Рабы кинулись к корыту. «А ты что встал, Двадцать Шестой? — толкнула меня под руку та самая рабыня с розочкой, — слышал, что сказали?» И, махнув на меня рукой, она тоже побежала к корыту. Я побежал за ней… Голые рабы и рабыни, стоя на коленях лакали мутную кашицу — вода с перемешанными там кусками хлеба, отрубей и еще чего-то… Такую еду я готовил свиньям в гостинице Баруса… В желудке засосало и я, опустившись на колени, присоединился к рабам… После голодного дня и голодной ночи даже эта отвратительная еда показалась.. ну, не вкусной, но вполне приемлимой… За нашими спинами топтались те, кому места у корыта не хватило…. Через четыре глотка меня вдруг затошнило… От этого пойла, от шумного чавканья рабов, от запаха немытых тел… Меня оттолкнули, моё место заняла пышногрудая и толстозадая рабыня. Я отполз в сторону, засунул два пальца в рот и меня вырвало. Я растянулся на земле ничком, мне стало немножко легче. «Всё!!! Хватит! Строится, свиньи!» — раздался крик раба и, раздавая удары хлыста направо и налево, он принялся разгонять рабов от корыта. «Строится по двое!» Пинками и ударами хлыста он построил нас в колонну и погнал за угол сарая. Там нас выстроили в один ряд и два голых раба принялись поливать нас водой из шлангов. Сперва вода казалась холодной, но через некоторое наши тела привыкли…. И это было очень приятно: помыться впервые за такое время. Смыть с себя грязь, сперму, мочу. Такие же ощущения, наверное, испытывали все рабы, все плескались и радовались… «Мойся, раб!- та рабыня с розочкой на заднице плеснула в меня пригоршней воды. — Мойся, раб должен часто подмываться!»

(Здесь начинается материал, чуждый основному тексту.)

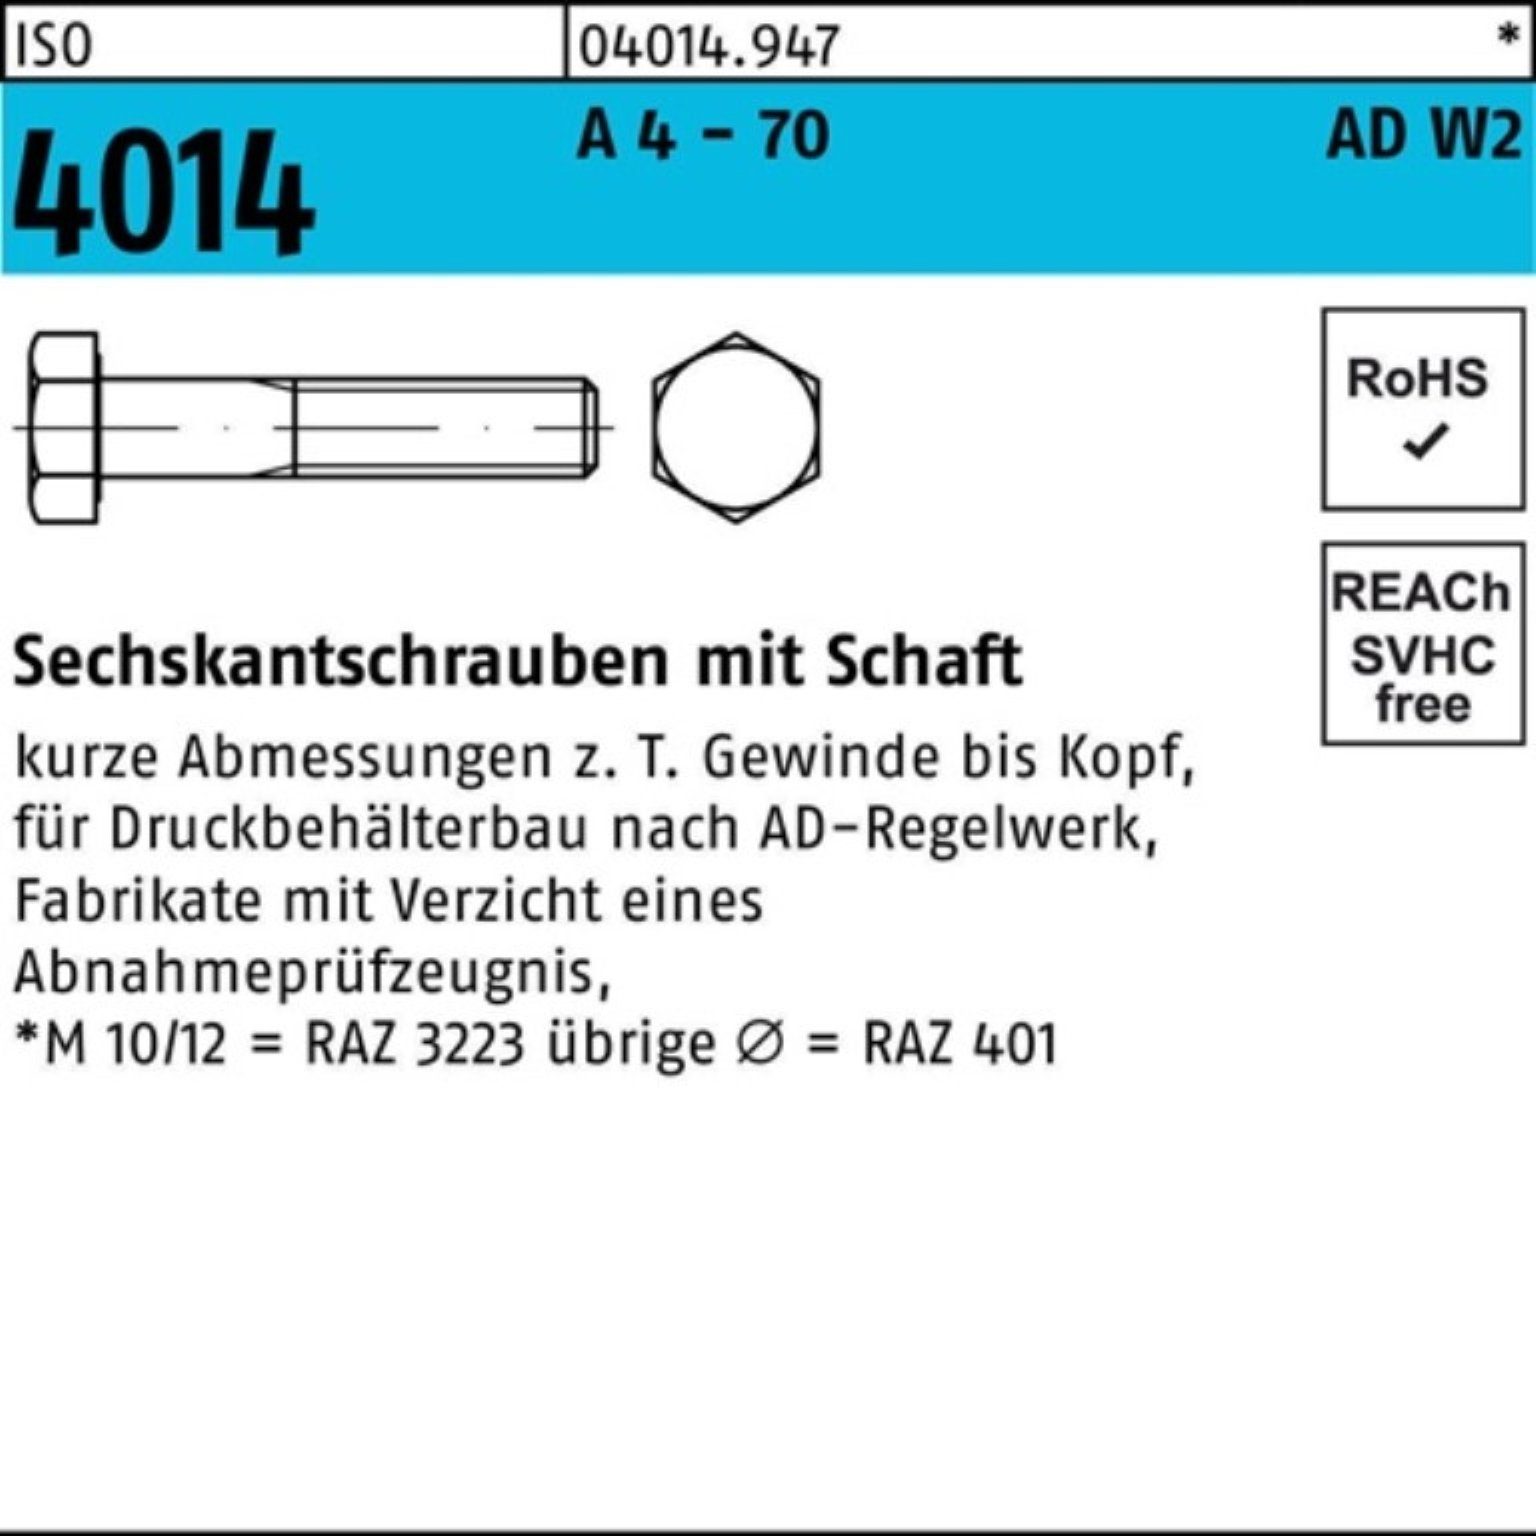 M20x 180 Sechskantschraube 1 4014 Sechskantschraube Pack 4 Schaft Bufab AD-W2 A 100er - ISO 70

Снова пинками, бранью и хлыстом нас заставили построиться в колонну по двое и погнали… Шли мы недолго, какими-то переулками мимо каменных домов, нас завели в просторное помещение. И оставили. Тонкая перегородка отделяла нас от какого-то зала, где шумели люди и играла музыка…
Это была аукционная зала. Здесь оптовые торговцы рабами продают только что пригнанный товар. Здесь самое главное — показать телосложение раба и постараться его продать побыстрее. Обычными покупателями на таких аукционах являютя мелкооптовые перекупщики, которые отбирают себе рабов по вкусу, а потом уже занимаются их обучением, подготовкой и перепродают намного дороже. В розницу. В работорговле — строгое разделение труда… Хотя на таких аукционах иногда покупают и по одному рабу или рабыне… Какие-нибудь небогатые горожане, старые сластолюбцы или ремесленники, которые ищут помощника в работе и постоянную куклу для развлечений после работы. В хороший дом отсюда не попасть — необученные рабы знатным господам не нужны. А вот в плохой дом попасть можно. Цены здесь ниже.
«Как же так можно? — шепотом возмущался мой темнокожий спутник (теперь я мог называть его Двадцать Пятый) — Продавать необученных рабов? Ведь из меня можно сделать такого замечательного раба для наслаждений и получить за меня огромный доход!» «Молчи, дурак, — оборвала его Двадцать Четвертая — та рабыня с розочкой на ягодице — ты раб и не тебе решать… Я была такой чудесной рабыней для наслаждений, но надоела хозяину и он продал меня за три сольдо».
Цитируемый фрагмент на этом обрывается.